--- ABOUT THIS TASK ---
Everything from the first line of the records below through the line containing "Gold & diamond casual Rings for men & women" is to be retyped exactly; leave out the rest.

--- RECORDS FOR THE EXERCISE ---
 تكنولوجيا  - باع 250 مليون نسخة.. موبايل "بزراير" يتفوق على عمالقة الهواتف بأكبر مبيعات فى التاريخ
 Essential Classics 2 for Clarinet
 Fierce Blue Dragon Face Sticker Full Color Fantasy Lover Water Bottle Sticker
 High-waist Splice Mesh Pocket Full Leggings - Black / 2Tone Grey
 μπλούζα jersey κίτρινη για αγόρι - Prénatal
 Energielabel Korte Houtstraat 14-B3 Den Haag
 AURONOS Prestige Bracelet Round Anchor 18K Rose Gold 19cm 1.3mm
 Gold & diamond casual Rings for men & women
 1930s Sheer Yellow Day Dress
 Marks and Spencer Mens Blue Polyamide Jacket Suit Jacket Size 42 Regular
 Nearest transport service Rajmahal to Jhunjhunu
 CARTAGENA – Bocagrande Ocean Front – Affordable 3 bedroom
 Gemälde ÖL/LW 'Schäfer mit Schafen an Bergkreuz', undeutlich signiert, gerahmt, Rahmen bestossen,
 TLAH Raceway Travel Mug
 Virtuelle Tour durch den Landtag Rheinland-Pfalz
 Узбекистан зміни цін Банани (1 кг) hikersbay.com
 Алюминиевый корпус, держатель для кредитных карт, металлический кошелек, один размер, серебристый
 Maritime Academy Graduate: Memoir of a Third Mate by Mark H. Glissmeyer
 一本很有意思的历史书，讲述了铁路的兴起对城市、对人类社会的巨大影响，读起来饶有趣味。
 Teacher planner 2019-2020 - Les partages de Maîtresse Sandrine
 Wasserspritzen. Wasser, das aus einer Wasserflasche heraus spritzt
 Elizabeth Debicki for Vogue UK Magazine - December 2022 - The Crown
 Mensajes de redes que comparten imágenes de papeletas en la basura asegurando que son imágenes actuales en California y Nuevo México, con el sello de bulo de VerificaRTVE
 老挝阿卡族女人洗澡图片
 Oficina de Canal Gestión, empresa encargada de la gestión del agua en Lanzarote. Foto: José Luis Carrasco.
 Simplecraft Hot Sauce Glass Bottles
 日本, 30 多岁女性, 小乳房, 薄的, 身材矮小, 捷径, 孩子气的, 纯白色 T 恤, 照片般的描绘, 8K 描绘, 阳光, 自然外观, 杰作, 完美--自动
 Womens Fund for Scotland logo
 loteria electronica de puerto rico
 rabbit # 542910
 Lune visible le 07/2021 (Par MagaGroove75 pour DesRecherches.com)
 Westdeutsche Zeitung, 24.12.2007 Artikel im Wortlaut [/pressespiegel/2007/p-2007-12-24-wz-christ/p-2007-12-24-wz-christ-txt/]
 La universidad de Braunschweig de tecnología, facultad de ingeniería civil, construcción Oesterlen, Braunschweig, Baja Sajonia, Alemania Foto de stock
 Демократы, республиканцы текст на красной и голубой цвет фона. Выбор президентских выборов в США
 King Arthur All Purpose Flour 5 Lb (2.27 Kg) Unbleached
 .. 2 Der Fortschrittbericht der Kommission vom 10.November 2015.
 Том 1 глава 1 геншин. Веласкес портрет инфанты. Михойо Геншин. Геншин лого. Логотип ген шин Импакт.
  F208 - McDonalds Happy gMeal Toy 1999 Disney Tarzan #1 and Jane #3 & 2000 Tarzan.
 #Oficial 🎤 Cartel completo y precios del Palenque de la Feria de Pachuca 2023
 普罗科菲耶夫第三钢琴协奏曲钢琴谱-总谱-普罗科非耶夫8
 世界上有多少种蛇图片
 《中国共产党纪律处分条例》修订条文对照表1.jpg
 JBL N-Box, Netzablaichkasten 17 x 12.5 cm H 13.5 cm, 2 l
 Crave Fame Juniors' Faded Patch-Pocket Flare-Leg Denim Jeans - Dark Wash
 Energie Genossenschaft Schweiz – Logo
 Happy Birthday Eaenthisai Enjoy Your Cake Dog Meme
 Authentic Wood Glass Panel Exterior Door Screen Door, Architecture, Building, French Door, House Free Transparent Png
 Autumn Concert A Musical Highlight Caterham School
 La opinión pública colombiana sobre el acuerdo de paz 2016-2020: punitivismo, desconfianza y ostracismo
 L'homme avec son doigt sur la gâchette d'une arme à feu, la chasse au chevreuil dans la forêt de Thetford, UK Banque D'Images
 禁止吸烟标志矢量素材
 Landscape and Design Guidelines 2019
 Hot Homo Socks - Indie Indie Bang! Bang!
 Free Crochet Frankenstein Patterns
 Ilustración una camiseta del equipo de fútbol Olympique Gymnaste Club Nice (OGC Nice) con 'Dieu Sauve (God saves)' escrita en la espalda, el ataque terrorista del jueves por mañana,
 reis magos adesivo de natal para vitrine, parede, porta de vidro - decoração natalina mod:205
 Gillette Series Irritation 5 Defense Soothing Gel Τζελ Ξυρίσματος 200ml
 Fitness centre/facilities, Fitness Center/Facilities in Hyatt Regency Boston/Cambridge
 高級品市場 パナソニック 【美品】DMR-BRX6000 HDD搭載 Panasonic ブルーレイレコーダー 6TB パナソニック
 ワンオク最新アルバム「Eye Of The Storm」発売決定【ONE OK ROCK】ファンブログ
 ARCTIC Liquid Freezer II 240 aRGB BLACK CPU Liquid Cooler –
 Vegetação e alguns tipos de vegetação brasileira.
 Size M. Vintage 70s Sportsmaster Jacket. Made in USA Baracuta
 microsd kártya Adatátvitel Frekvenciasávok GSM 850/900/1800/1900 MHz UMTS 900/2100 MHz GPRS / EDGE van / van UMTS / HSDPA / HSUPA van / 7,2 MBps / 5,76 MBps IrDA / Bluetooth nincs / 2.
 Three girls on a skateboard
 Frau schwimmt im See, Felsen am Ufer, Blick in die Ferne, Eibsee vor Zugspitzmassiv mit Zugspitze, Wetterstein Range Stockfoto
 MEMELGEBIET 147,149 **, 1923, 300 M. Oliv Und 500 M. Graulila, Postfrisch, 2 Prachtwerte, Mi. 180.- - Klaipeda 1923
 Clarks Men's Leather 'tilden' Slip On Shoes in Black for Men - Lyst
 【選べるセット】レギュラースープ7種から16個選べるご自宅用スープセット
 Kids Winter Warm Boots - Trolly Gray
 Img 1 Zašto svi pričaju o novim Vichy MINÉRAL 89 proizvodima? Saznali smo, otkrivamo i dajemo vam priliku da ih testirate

--- SOLUTION TO THE EXERCISE ---
 تكنولوجيا  - باع 250 مليون نسخة.. موبايل "بزراير" يتفوق على عمالقة الهواتف بأكبر مبيعات فى التاريخ
 Essential Classics 2 for Clarinet
 Fierce Blue Dragon Face Sticker Full Color Fantasy Lover Water Bottle Sticker
 High-waist Splice Mesh Pocket Full Leggings - Black / 2Tone Grey
 μπλούζα jersey κίτρινη για αγόρι - Prénatal
 Energielabel Korte Houtstraat 14-B3 Den Haag
 AURONOS Prestige Bracelet Round Anchor 18K Rose Gold 19cm 1.3mm
 Gold & diamond casual Rings for men & women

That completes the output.